Now, we can break it up into the individual terms, and just show that

$$ \frac{ a^3+b^3} {2} \left( \frac{a+b}{2} \right)^3 \leq \left( \frac{a^2+b^2} {2} \right)^3$$

This is true because

[Newton] $$S_1 S_3 \leq S_2^2$$
[Maclaurin] $$S_1^2 \leq S_2$$

Answer 2

I know that Calvin already answered your question, but I was bored and resoluted to prove it only with elementary tools.

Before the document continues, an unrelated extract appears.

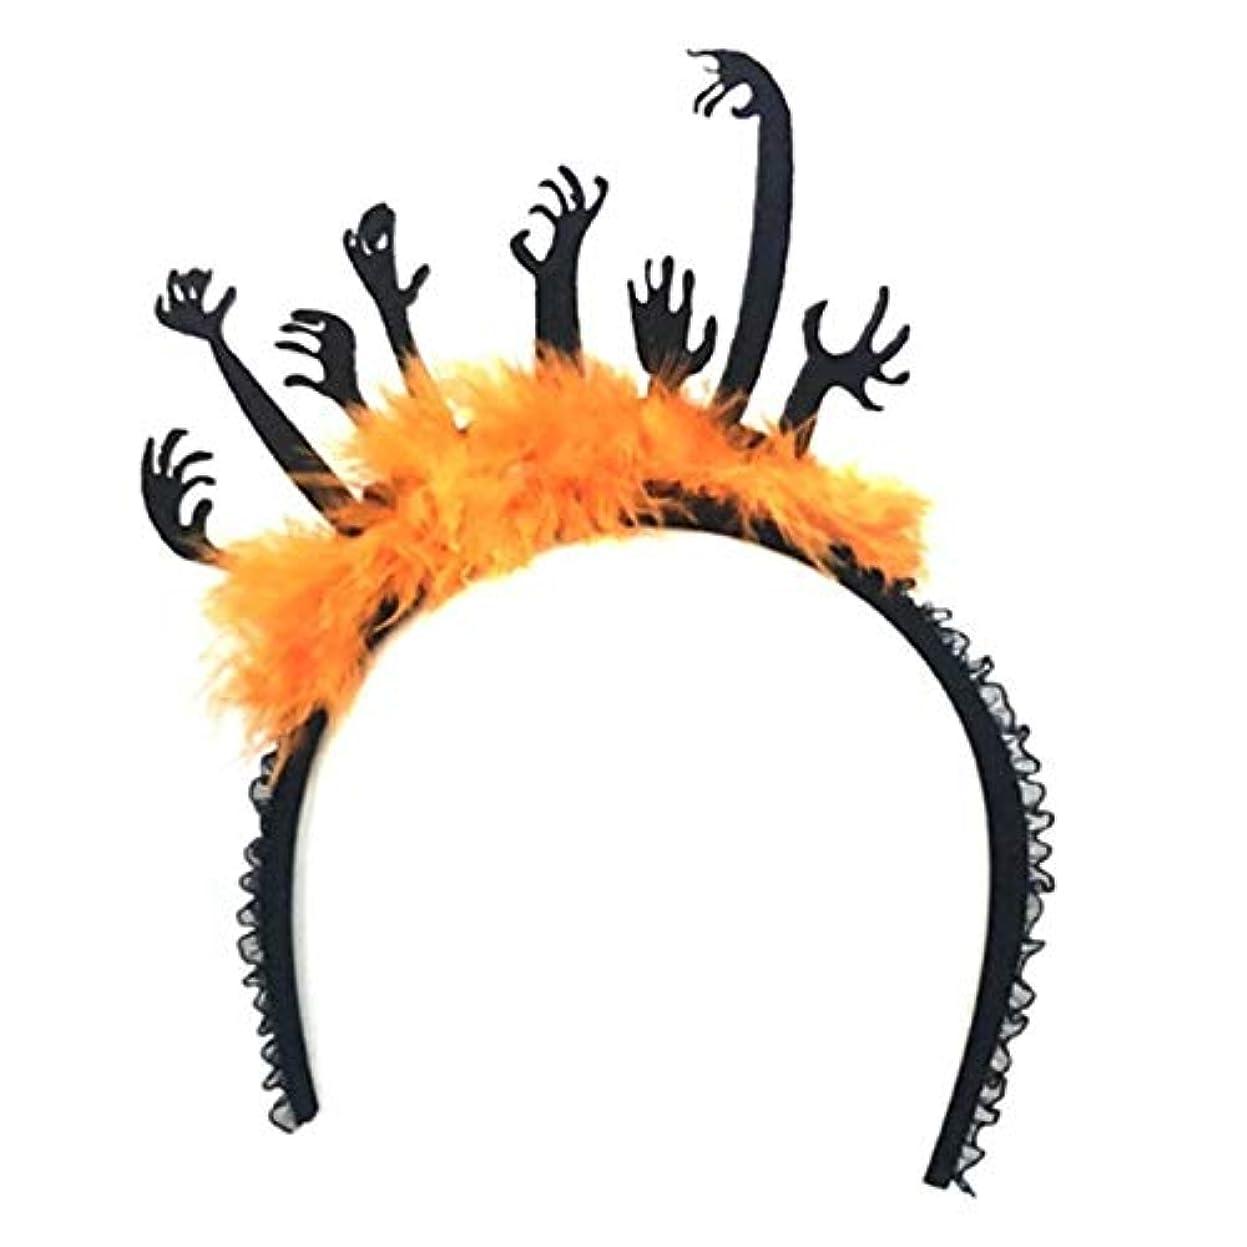 リーガン野心的味付け大人子供怖いゴーストハンドハロウィーン髪フープコントラスト色ふわふわフェザーフリルカチューシャコスプレ衣装ヘッドピース ZHEN CHEN (色 : Gold)

So here goes my proof for what is worth:

Manipulate the RHS to find symmetry $$\frac{4a^2}{a+b}+\frac{4b^2}{b+c}+\frac{4c^2}{c+a}$$ $$4\left(\frac{a^2}{a+b}+\frac{b^2}{b+c}+\frac{c^2}{c+a}\right)$$ $$4\left(a+b+c-\frac{ab}{a+b}-\frac{bc}{b+c}-\frac{ac}{c+a}\right)$$ $$2\left(a+b-\frac{2ab}{a+b}+b+c-\frac{2bc}{b+c}+a+c-\frac{2ac}{c+a}\right)$$ $$2\left(\frac{a^2+b^2}{a+b}+\frac{b^2+c^2}{b+c}+\frac{a^2+c^2}{c+a}\right)$$ Observe that $$0\le(2x-y)^2$$ $$0\le4x^2-4xy+y^2$$ $$3x(y-x)\le x^2-xy+y^2$$ $$3x(y^2-x^2)\le x^3+y^3$$ Substituting

$x=ab,\,y=a^2+b^2$ $$3ab(a^2b^2+a^4+b^4)\le(a^2+b^2)^3+a^3b^3$$ $$(a^2+b^2)^3+8a^3b^3+3ab(a^4+b^4-2a^2b^2))\le2(a^2+b^2)^3$$ $$(a^2+b^2+2ab)((a^2+b^2)^2-2ab(a^2+b^2)+4a^2b^2)+3ab(a^2-b^2)^2\le2(a^2+b^2)^3$$ $$(a+b)^2((a^2+b^2)^2-2ab(a^2+b^2)+4a^2b^2)+3ab(a+b)^2(a-b)^2\le2(a^2+b^2)^3$$ $$(a+b)^2((a^2+b^2)^2-2ab(a^2+b^2)+4a^2b^2+3ab(a-b)^2)\le2(a^2+b^2)^3$$ $$(a+b)^2((a^2+b^2)^2+ab(a^2+b^2)-2a^2b^2)\le2(a^2+b^2)^3$$ $$(a+b)^2((a^4+b^4+ab(a^2+b^2))\le2(a^2+b^2)^3$$ $$(a+b)^2(a+b)(a^3+b^3)\le2(a^2+b^2)^3$$ $$4(a^3+b^3)(a+b)^3\le8(a^2+b^2)^3$$ $$\sqrt[3]{4(a^3+b^3)}\le\frac{2(a^2+b^2)}{a+b}$$ $$\sqrt[3]{4(b^3+c^3)}\le\frac{2(b^2+c^2)}{b+c}$$ $$\sqrt[3]{4(a^3+c^3)}\le\frac{2(a^2+c^2)}{a+c}$$ $$\sqrt[3]{4(a^3+b^3)}+\sqrt[3]{4(b^3+c^3)}+\sqrt[3]{4(a^3+c^3)}\le2\left(\frac{a^2+b^2}{a+b}+\frac{b^2+c^2}{b+c}+\frac{a^2+c^2}{c+a}\right)$$ $$\sqrt[3]{4(a^3+b^3)}+\sqrt[3]{4(b^3+c^3)}+\sqrt[3]{4(a^3+c^3)}\le\frac{4a^2}{a+b}+\frac{4b^2}{b+c}+\frac{4c^2}{c+a}$$ I like how it looks like a cup.